The one type of music that was largely banned was rock, both at piano lessons and at home. The forbidden is might attractive, though, and I have fond memories of getting a good listen. Around fifth grade, The Monkees television show was in reruns, and one day, my half-brother saw me watching it and gave me a set of their records, without sleeves, all scratched up. I hid the contraband albums between lawn chairs on our carport until I could get them inside. They were barely audible, but I held down the needle to smooth out the pops, and essentially restored the grooves. As a musical revolution took hold in the early 1980s (remember, this was Missouri), my brother and I were completely entranced, riding our bikes sometimes all the way to Peaches, a store where albums were sold from crates, hence the store’s name. And… back to the original subject of Uncle Tupelo, Jeff worked at Euclid Records sometime in the late 1980s, when I was a semi-regular customer. He was pretty surly, and he had a band, and that band was Uncle Tupelo. Jay was nicer, at least as it seemed to me back then. I remember many a night listening to them wind up a set with “Screen Door.” Jeff was cute, but less than honorable on one memorable occasion, and I thought a bit less of him when he hurt people I cared about. It took me a few years to hop on the Wilco bus because of that, but as I have gotten older, I find myself stunned how much of my upbringing comes through their music, as well as Son Volt’s. But I guess that’s not so strange after all. It amazes me how much we have in common with people we grew up around, even when we thought we were unique and original beings back then. Now it just feels like home. And, out on a drive in slightly less suburban towns near mine in Massachusetts, Uncle Tupelo sounds pretty good.

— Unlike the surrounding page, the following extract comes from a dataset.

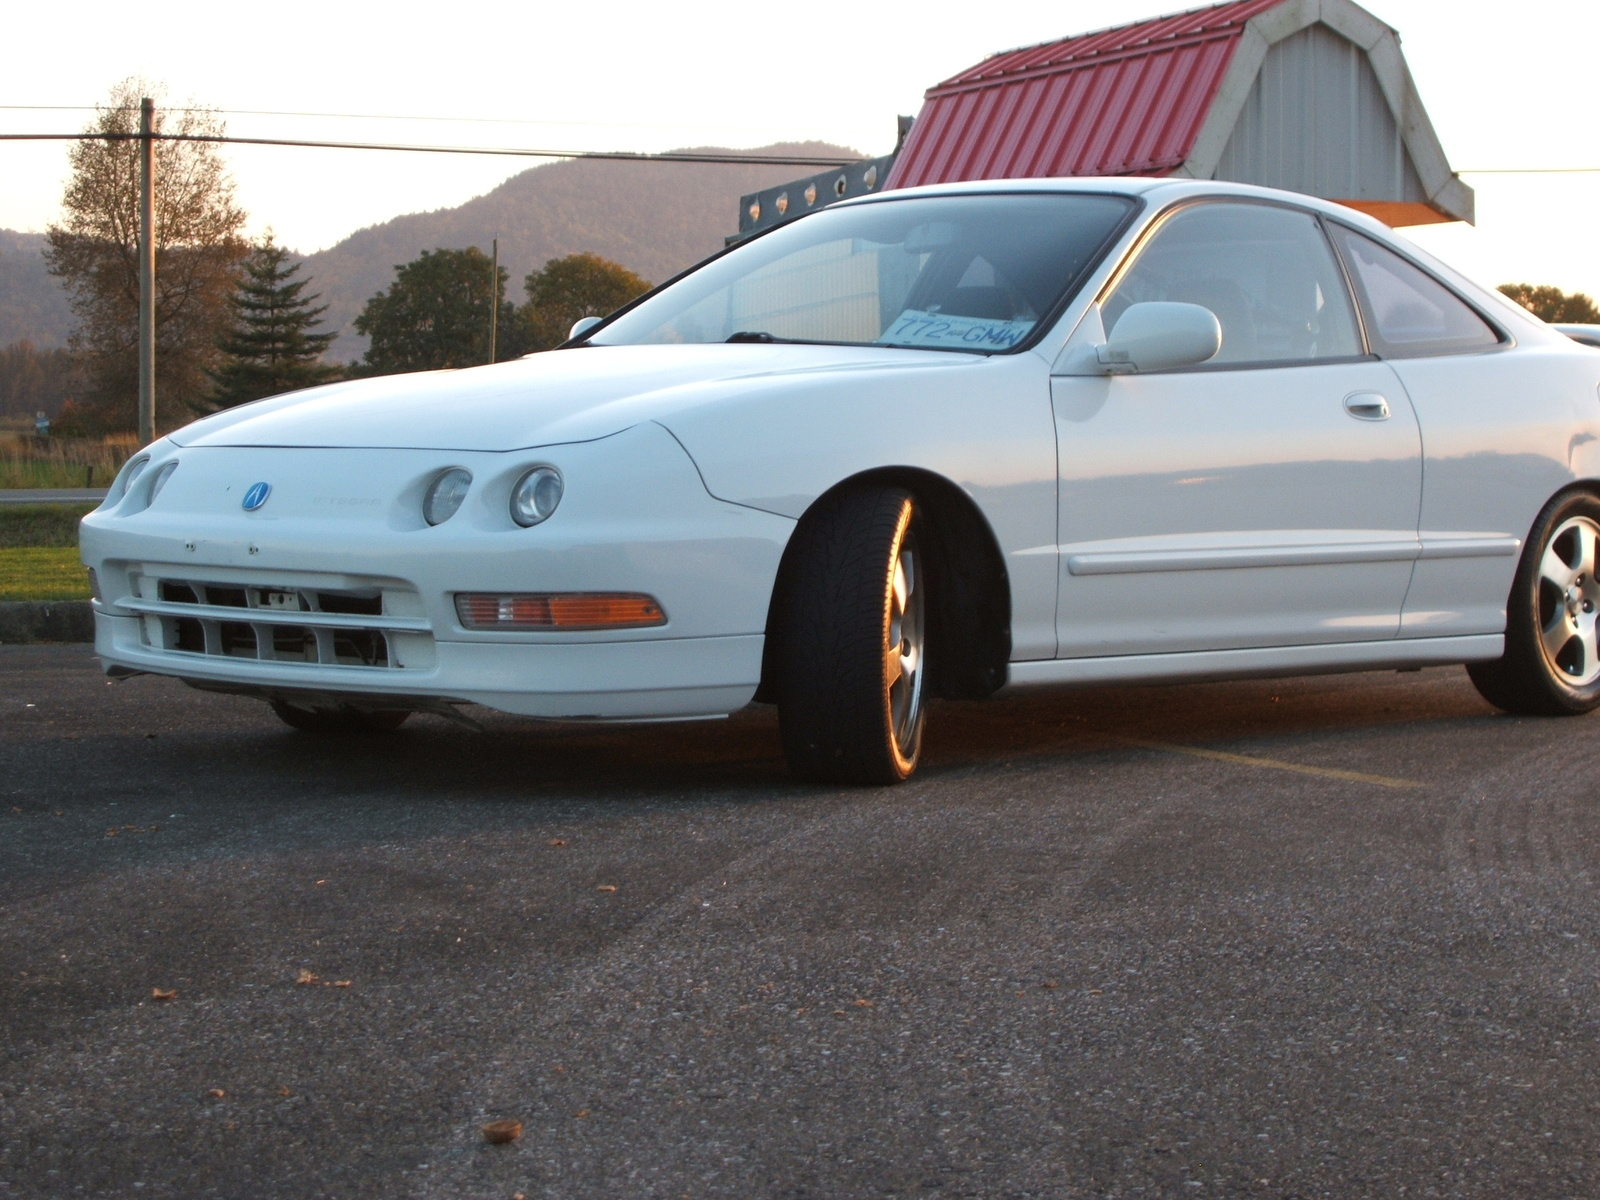 1995 Acura Integra - Partsopen

I had taken out this particular Uncle Tupelo album after being reminded of the song “Sandusky” in a documentary about Joan Didion. My son and I listened to one great tune after another as we drove around, and as we passed through the horse farms and other bucolic winter scenes, another familiar tune popped up. It was the theme from The Waltons. Another long lost memory! I had forgotten all about that show! My son didn’t know what I was talking about when I started laughing, so I had to show him the tales and travails of John-Boy, available on some streaming service somewhere.

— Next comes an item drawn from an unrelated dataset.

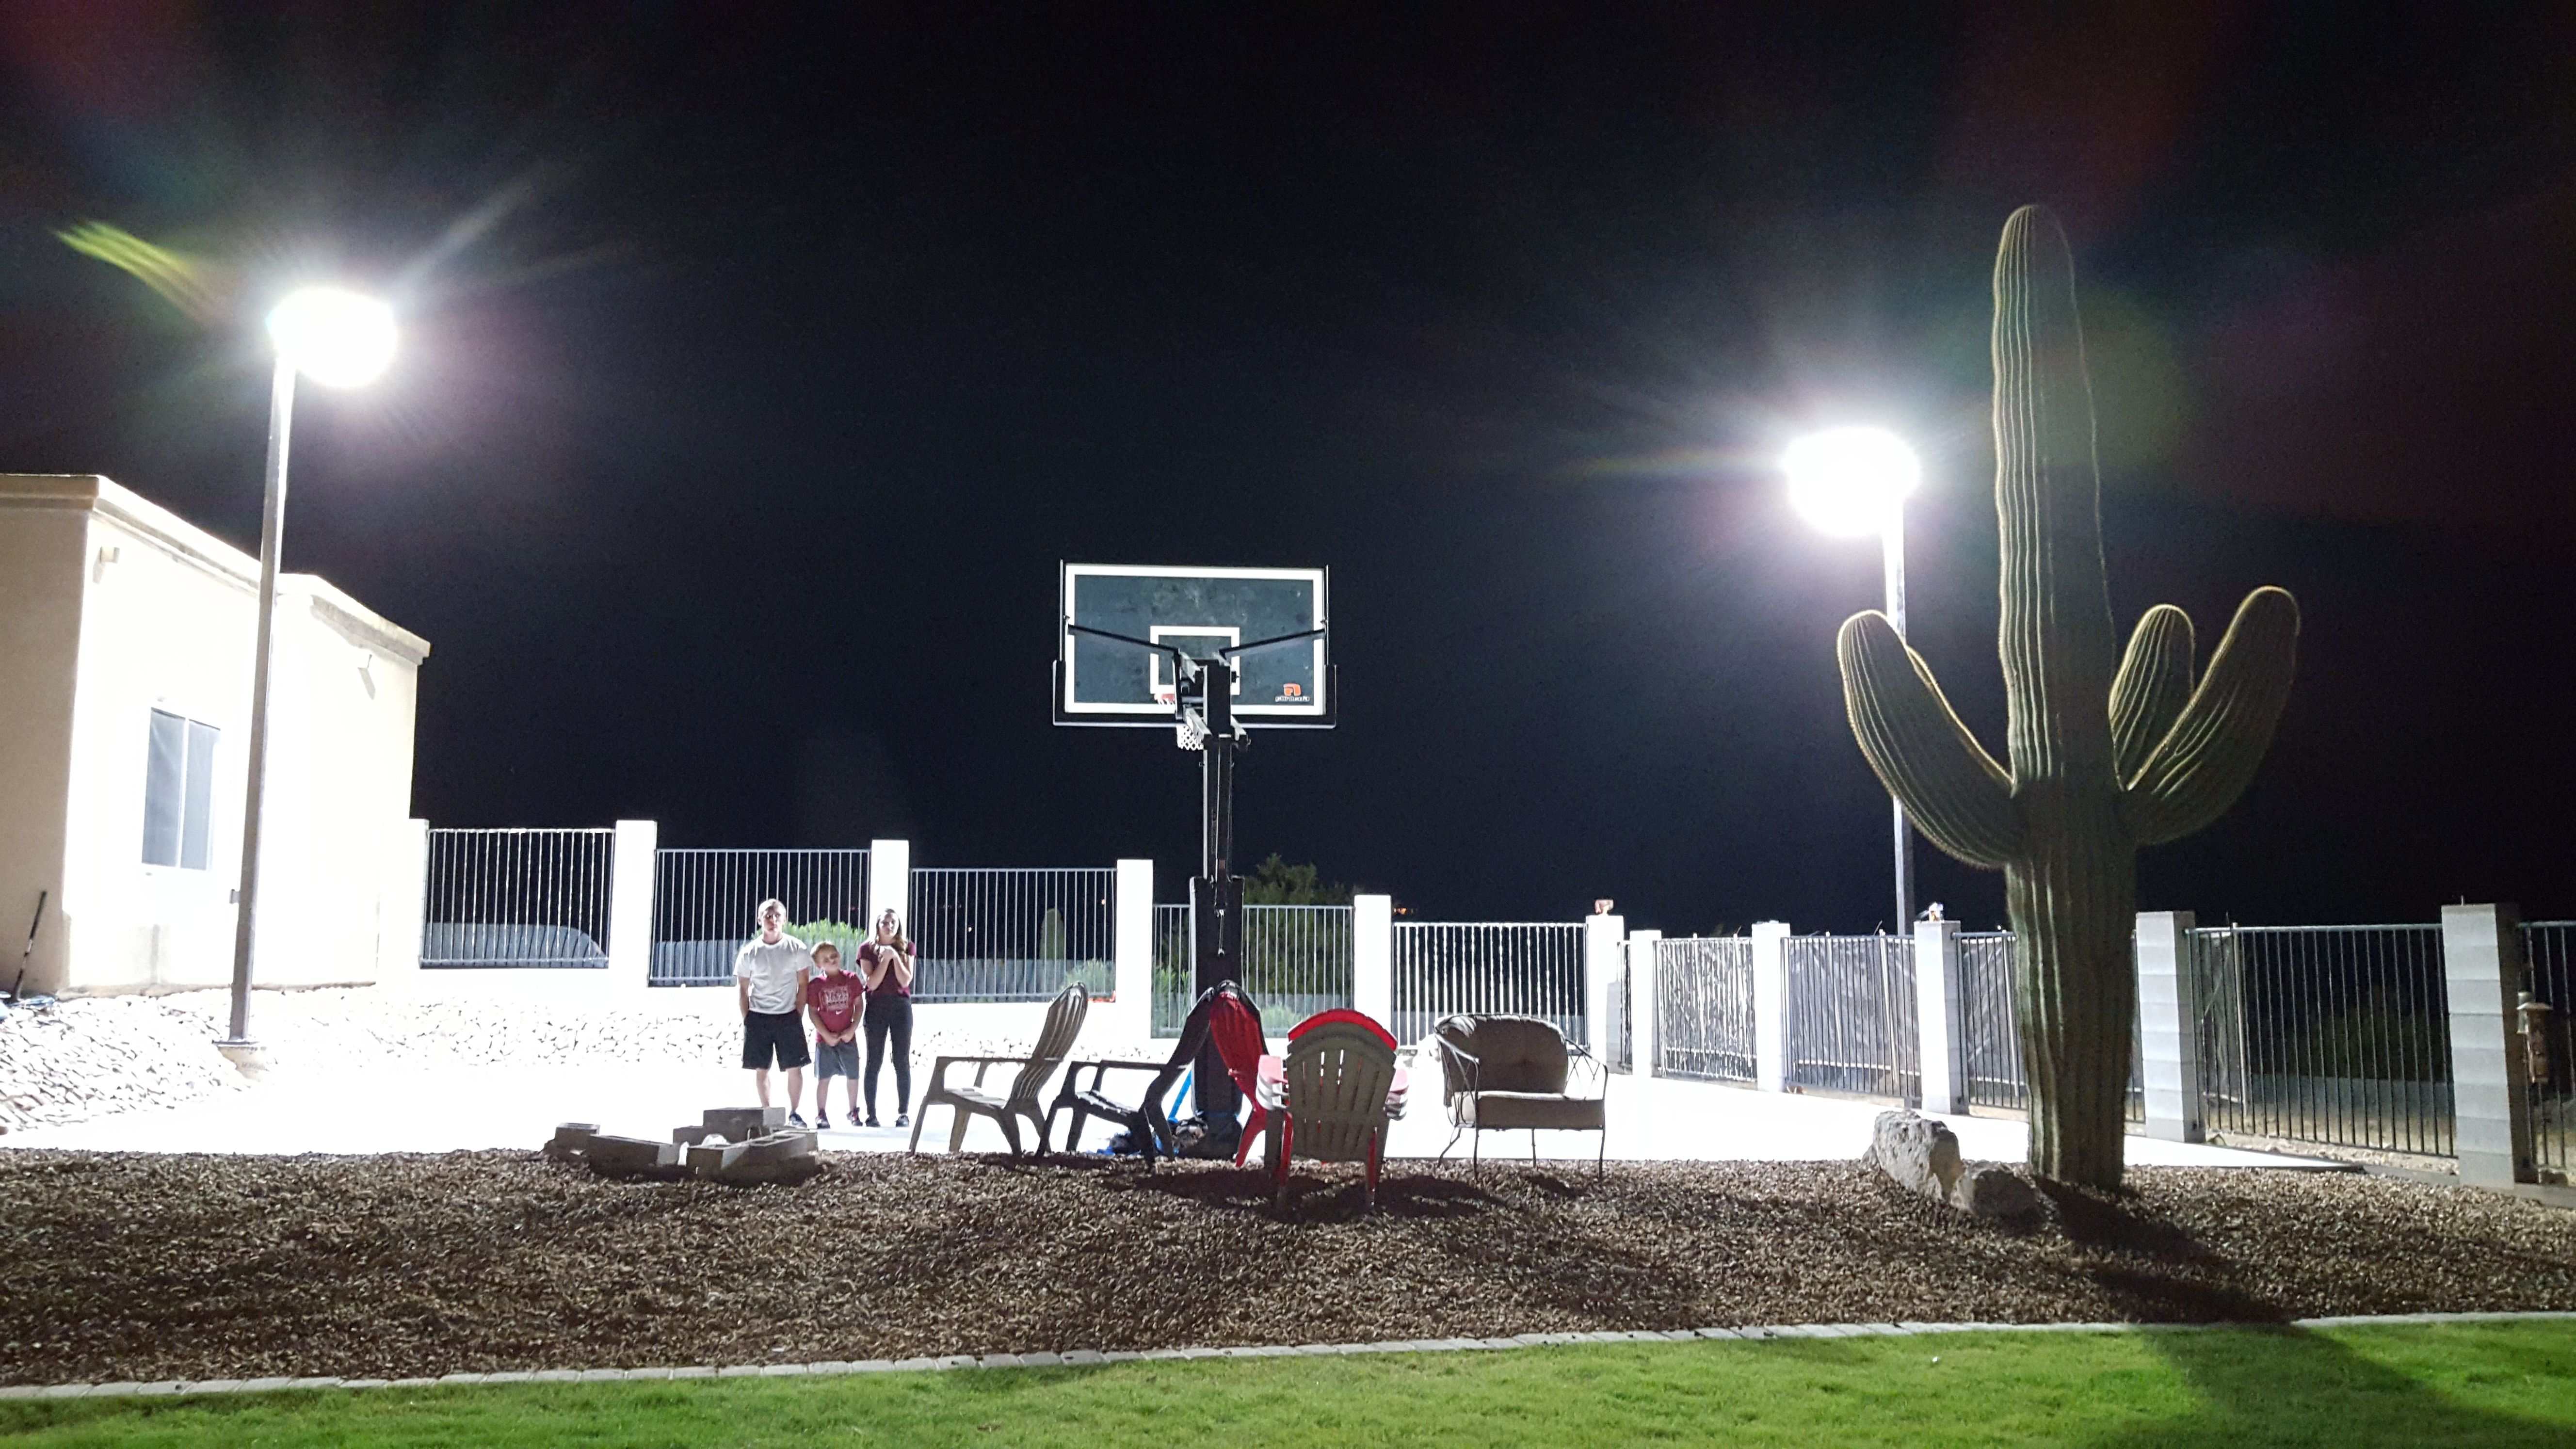 Dark sky lighting led basketball court for phoenix az dark arizona backyard sports court lighting dark sky compliant dark sky compliant lighting offers a aloadofball Gallery

It is easy to dismiss the treacle of my youth. I scoffed at it all the time as a teen and young adult, with a short nostalgic stint back in my married days when we used to watch episodes of The Waltons after dinner. I might note that at the time, we lived in Vermont, and I suspect that it was one of the few shows available. I was also highly distracted by life, children, exhaustion, and also by my then-husband’s habit of watching the same programs night after night. But even in that, there was a comfort of children, the smell of fresh hay, the brutality of winter and mud and bugs all forgotten in that first glorious June day.